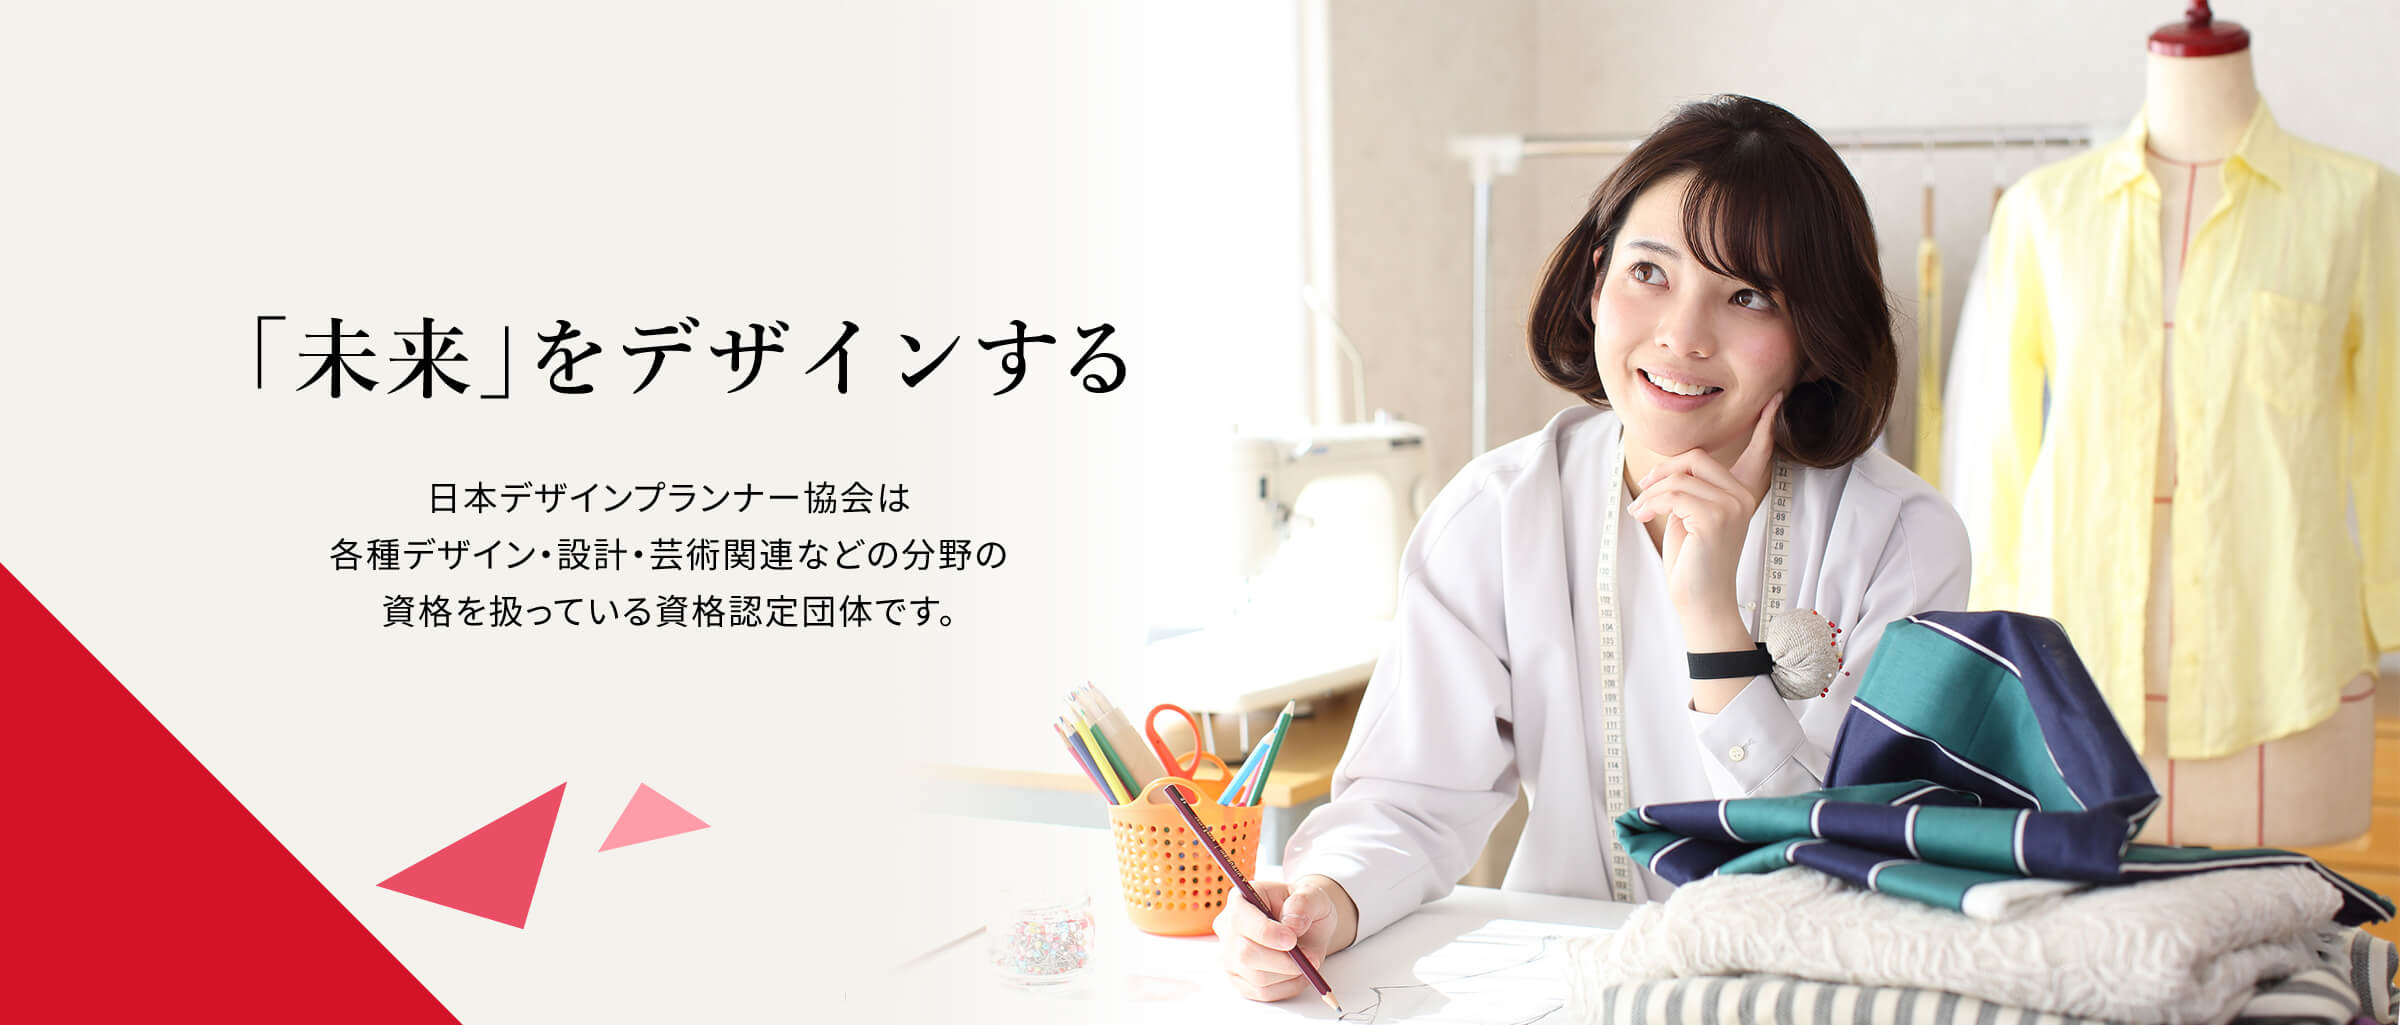 日本デザインプランナー協会
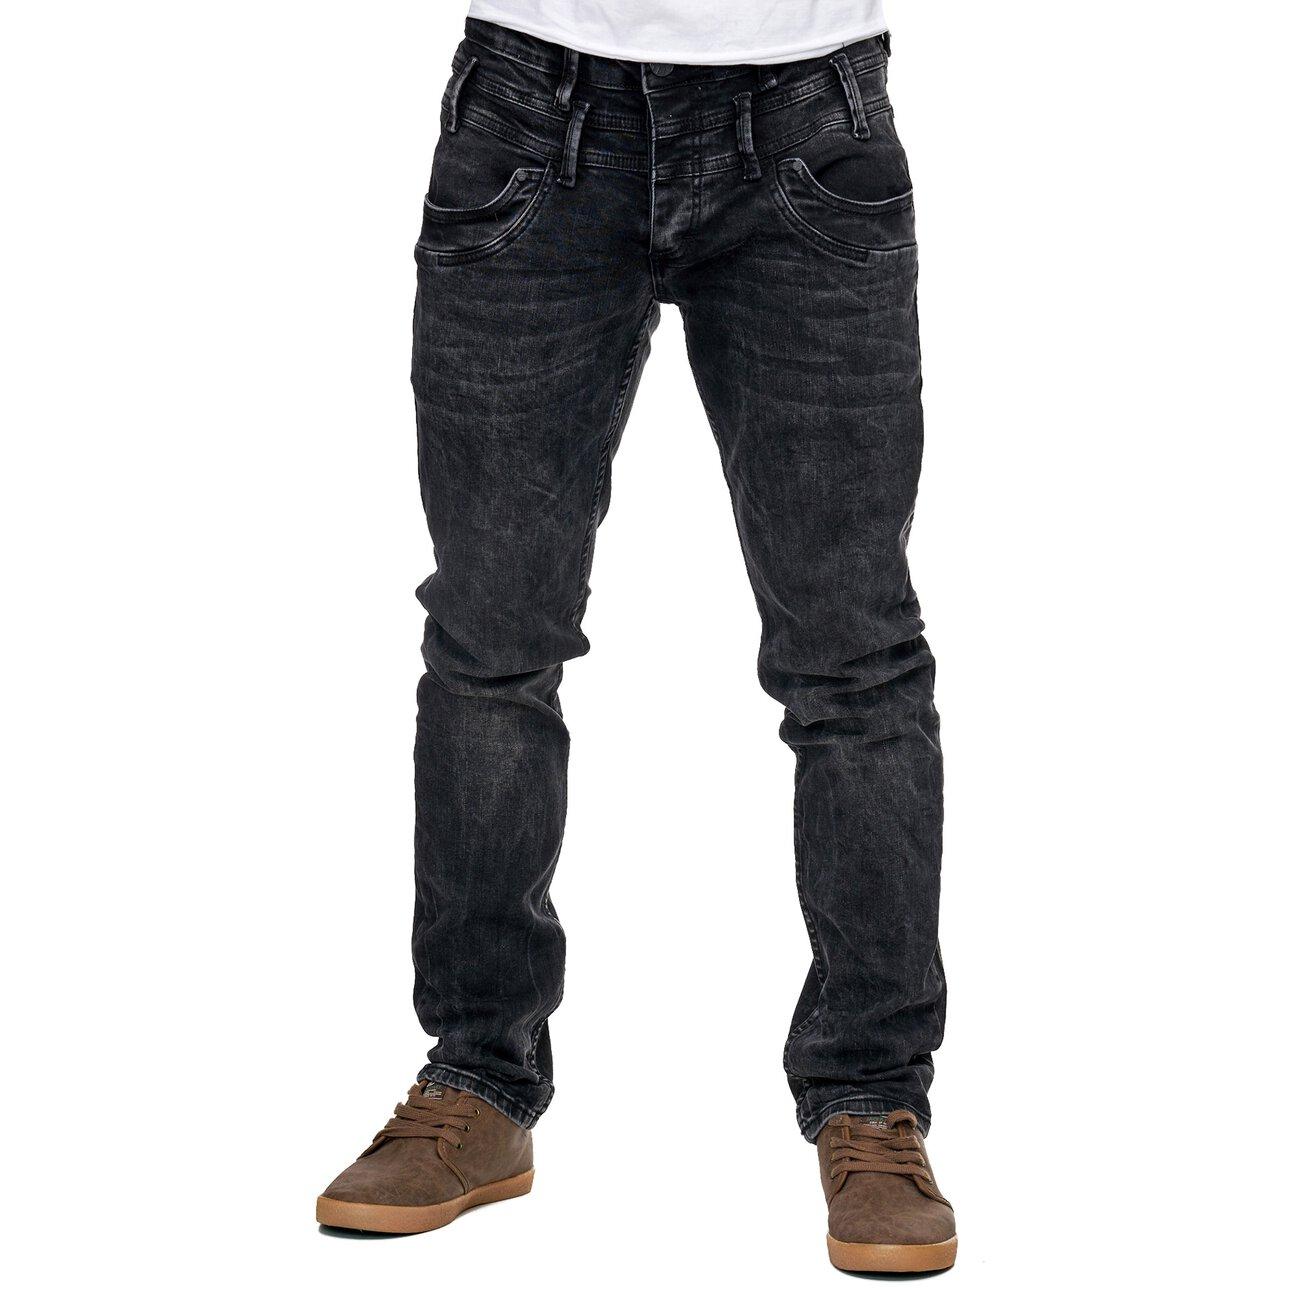 reslad jeans herren slim fit hose basic stretch denim. Black Bedroom Furniture Sets. Home Design Ideas
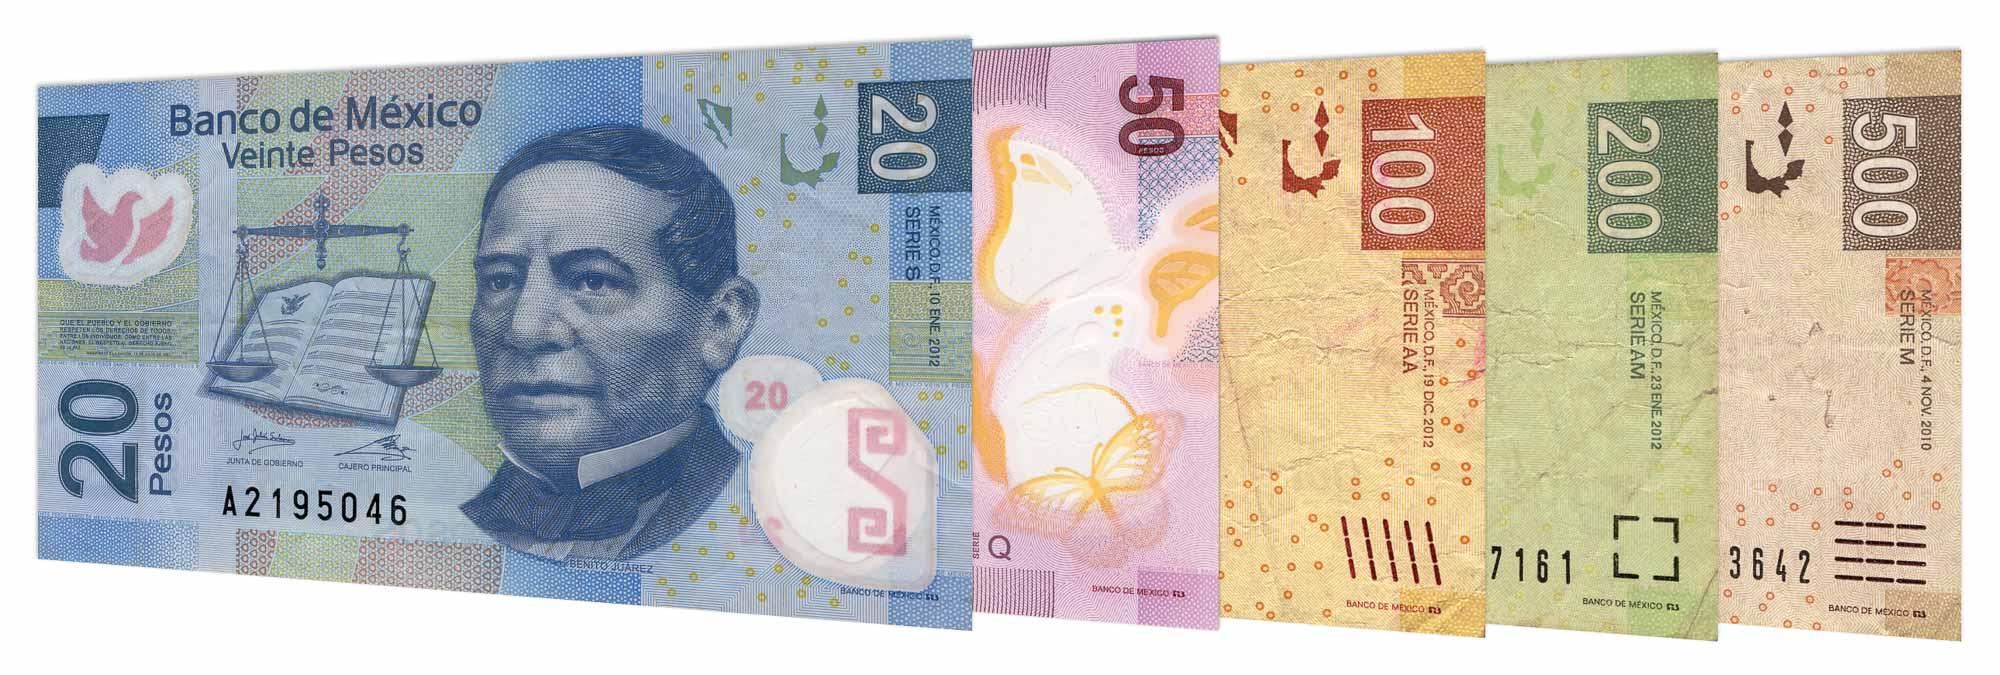 Mexican Pesos Online Mxn Home
---*---
**TASK DETAILS**
Repeat the listing above word for word and leave its images out.

**YOUR RESPONSE**
 日本デザインプランナー協会
 reslad jeans herren slim fit hose basic stretch denim. Black Bedroom Furniture Sets. Home Design Ideas
 Mexican Pesos Online Mxn Home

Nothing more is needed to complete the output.